Published June 25th, 2020
We calculate performance based on 13F filings. 13F filings only apply to institutional investment managers with investment discretion over more than $100 million.
13F filings do not require investment managers to disclose all of their investments. 13F filings disclose the following, according to the SEC (see ‘Question 7’ in the linked article):
“The Official List of Section 13(f) Securities primarily includes U.S. exchange-traded stocks (e.g., NYSE, AMEX, NASDAQ), shares of closed-end investment companies, and shares of exchange-traded funds (ETFs). Certain convertible debt securities, equity options, and warrants are on the Official List and may be reported. But see Section 13(f)(4) (referring to equity securities of a class referred to in Exchange Act section 13(d)(1)) and exemptive rules 12a-4 and 12a-9 under the Exchange Act.”
You can see a full list of 13F securities on this page. The options and warrant disclosures don’t provide enough information to be fully useful. Specifically, duration of these contracts is not included.
As a result, we exclude non-equity securities from our performance data. We also exclude ETFs and focus specifically on individual stocks.
Our goal is to see the stock picking performance of different investment managers using 13Fs.
13F filings only show holdings at the end of the filing period. Intra-period activity is not disclosed.
Further, 13F filings are delayed around 45 to 50 days. As an example, filings for the quarter ended March 31st come out around mid May.

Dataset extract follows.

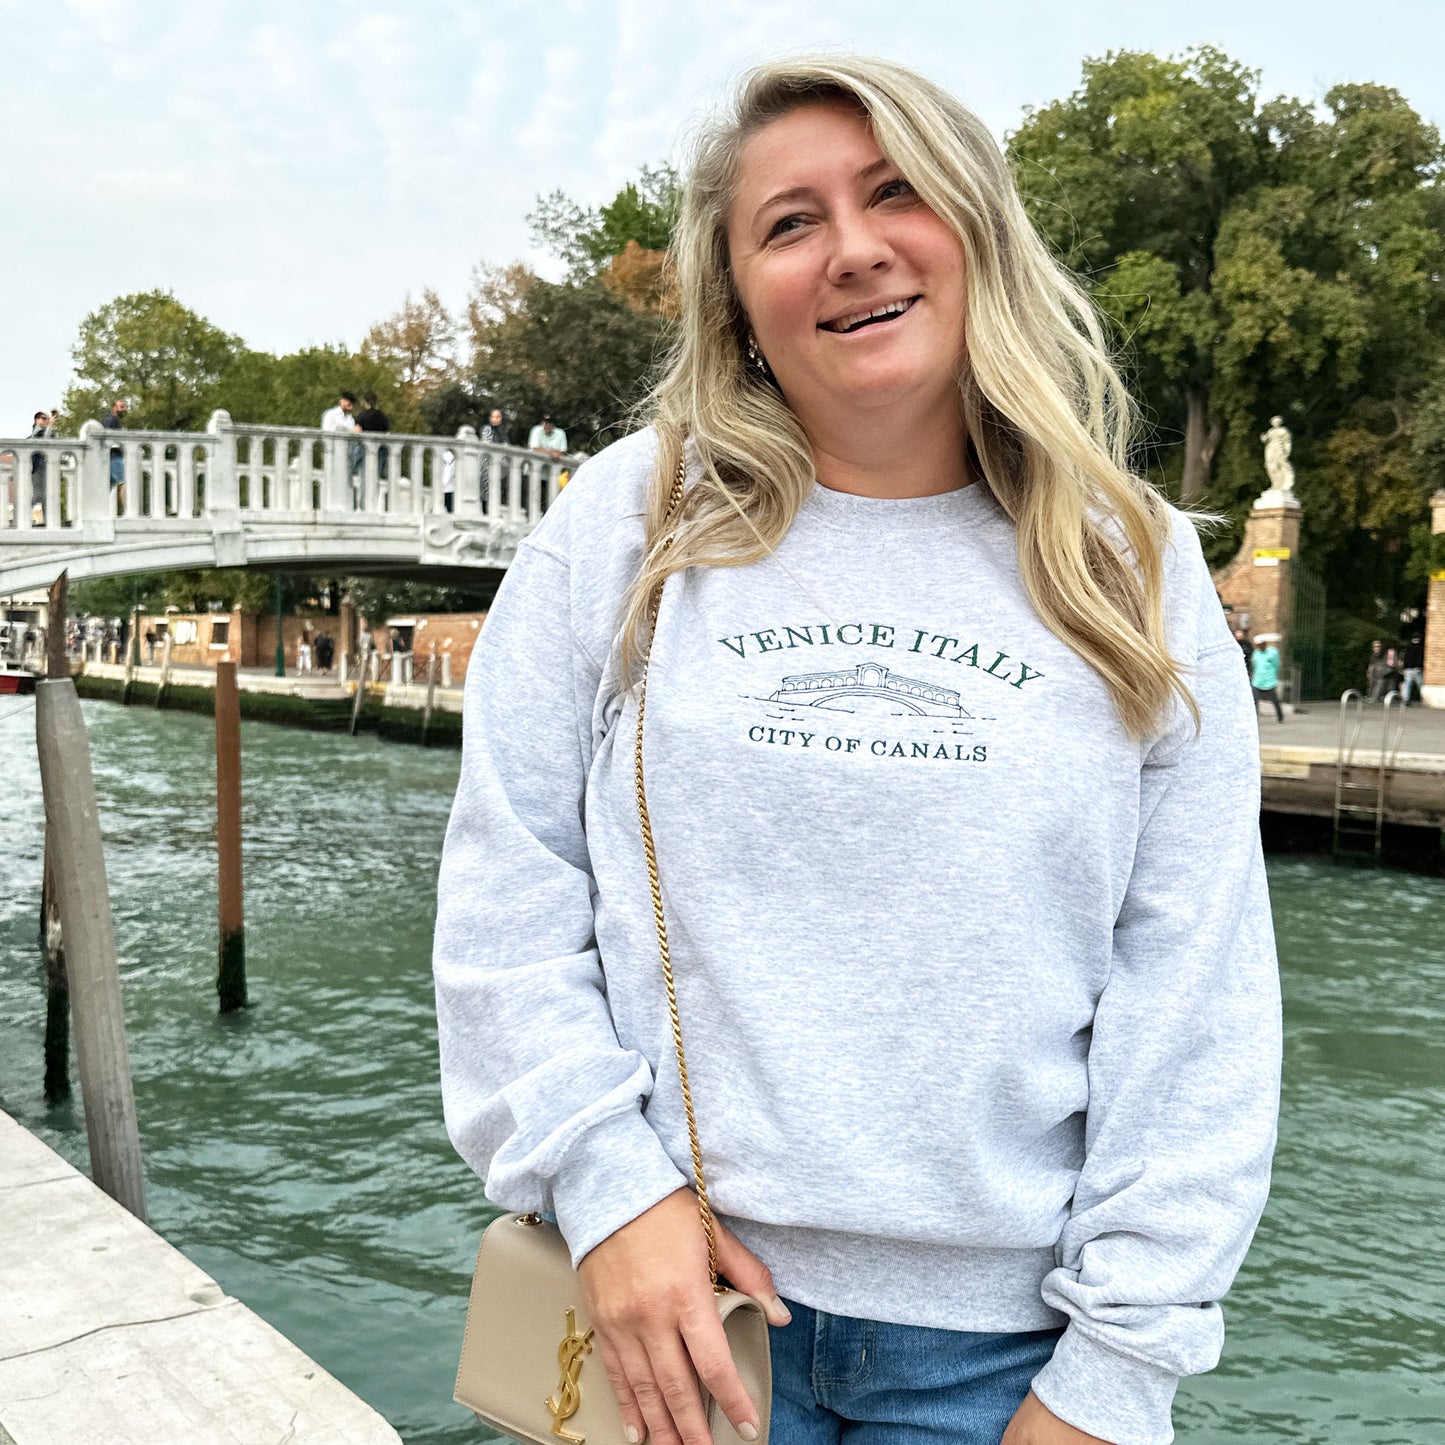 Woman styling an ash crewneck sweatshirt showcasing sketched venice bridge and venice italy city of canals text embroidered in ivy thread
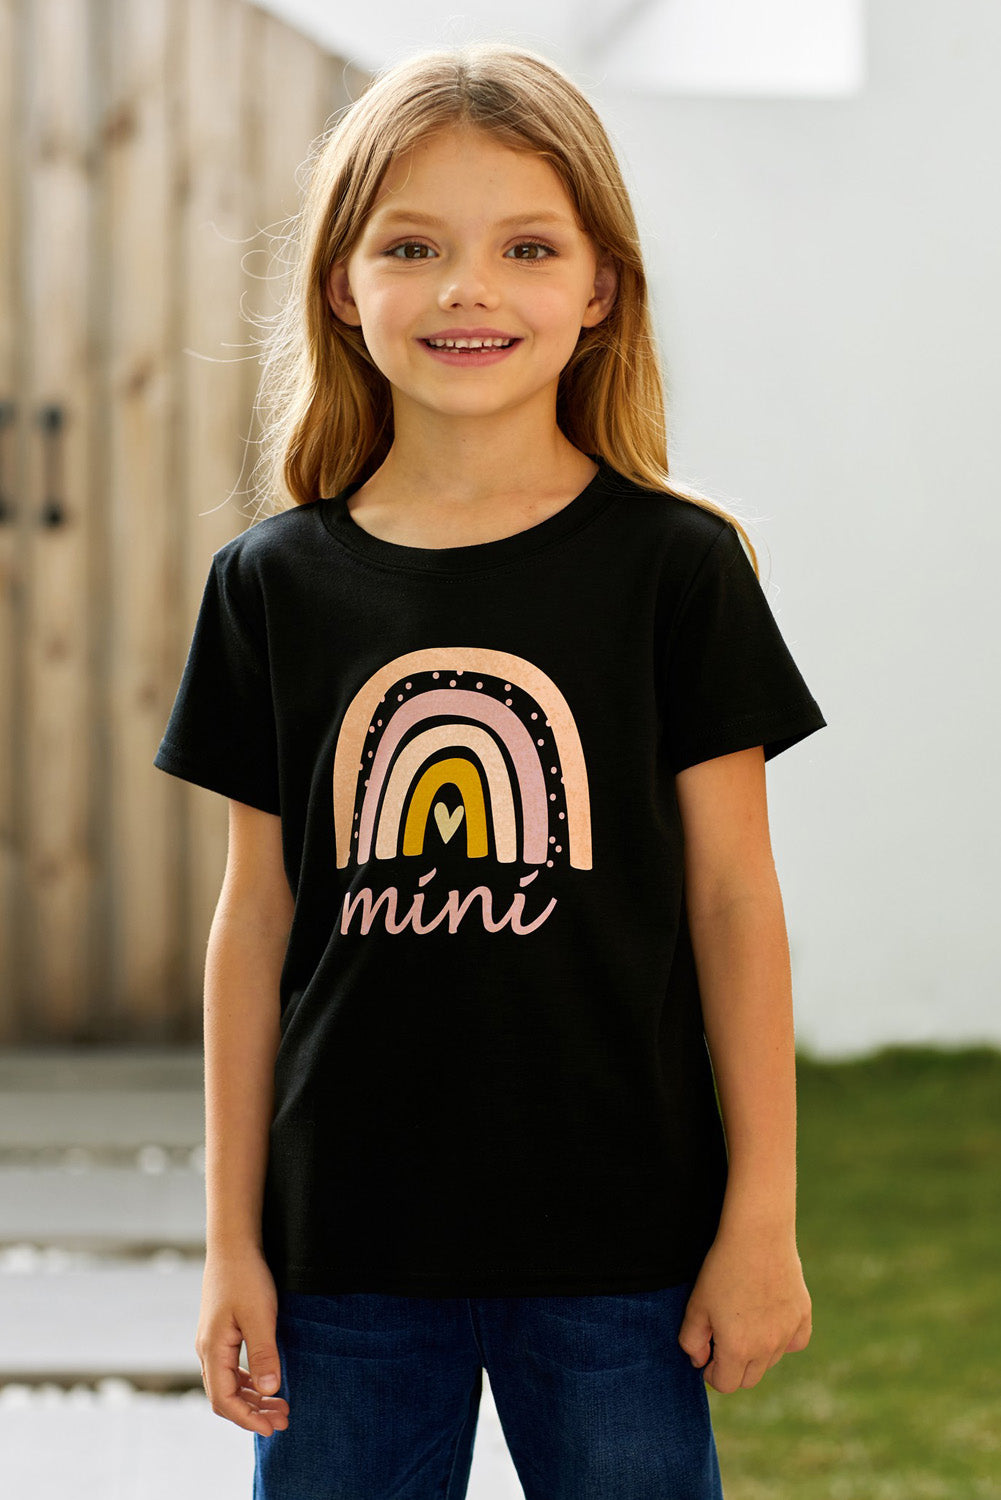 2 Colors - Girls Graphic Round Neck Tee Shirt - Sizes 4T-12 Kids Ti Amo I love you

Buying and selling done in a 13F may be for rebalancing purposes. Quarter over quarter changes in share counts in 13F filings could be due to the investment manger rebalancing his/her portfolio following cash inflows or outflows to the investment management company.
To summarize, the 13F form has several quirks that impact how we calculate performance:
- Not all securities are disclosed
- Intra-period activity is not disclosed
- Reports are delayed
- Share count changes may be due to rebalancing and not a conviction change
Moreover, the data we are using eliminates securities that have been acquired, delisted, or gone bankrupt so there is some bias in the historical results. We believe this to be relatively minor over our three year performance look back window for calculating performance. Our performance numbers should be used as a general guide rather than absolute perfect recreations of performance.
Also, our data provider IEX does not have every security in the data package that we have, so some securities may be excluded in performance calculations due to this.
With the above in mind, here’s how we calculate performance for a given 13F filing:
- Start with stocks listed on major U.S. exchanges
- Calculate total return for each stock using (1) the first trading day after the report ‘accepted date’ and (2) the trading day that is either on or just before the ‘accepted date’ of the next 13F filing
- Returns are weighted using share count from the 13F filing and the share price from the first trading day after the report ‘accepted date’
The above method gives us return data for a given 13F report if an individual investor would have invested along with the 13F filing. Note that this is significantly different from actual underlying investment manager performance.
The goal of the above process is to determine which investment manager 13F filings are best to use for individual stock selection ideas.
A series of the same investment managers’ 13F filing performance (calculated using the above method) can be used to calculate longer-term performance.
Using 13F filings to match what an investment manager does is impossible. But these filings can be used to generate compelling investment ideas from some of the best investment managers there are. Studying the historical performance of 13 Filings as they could’ve been invested in by individual investors gives an idea of which investment manager’s 13F filings to follow moving forward.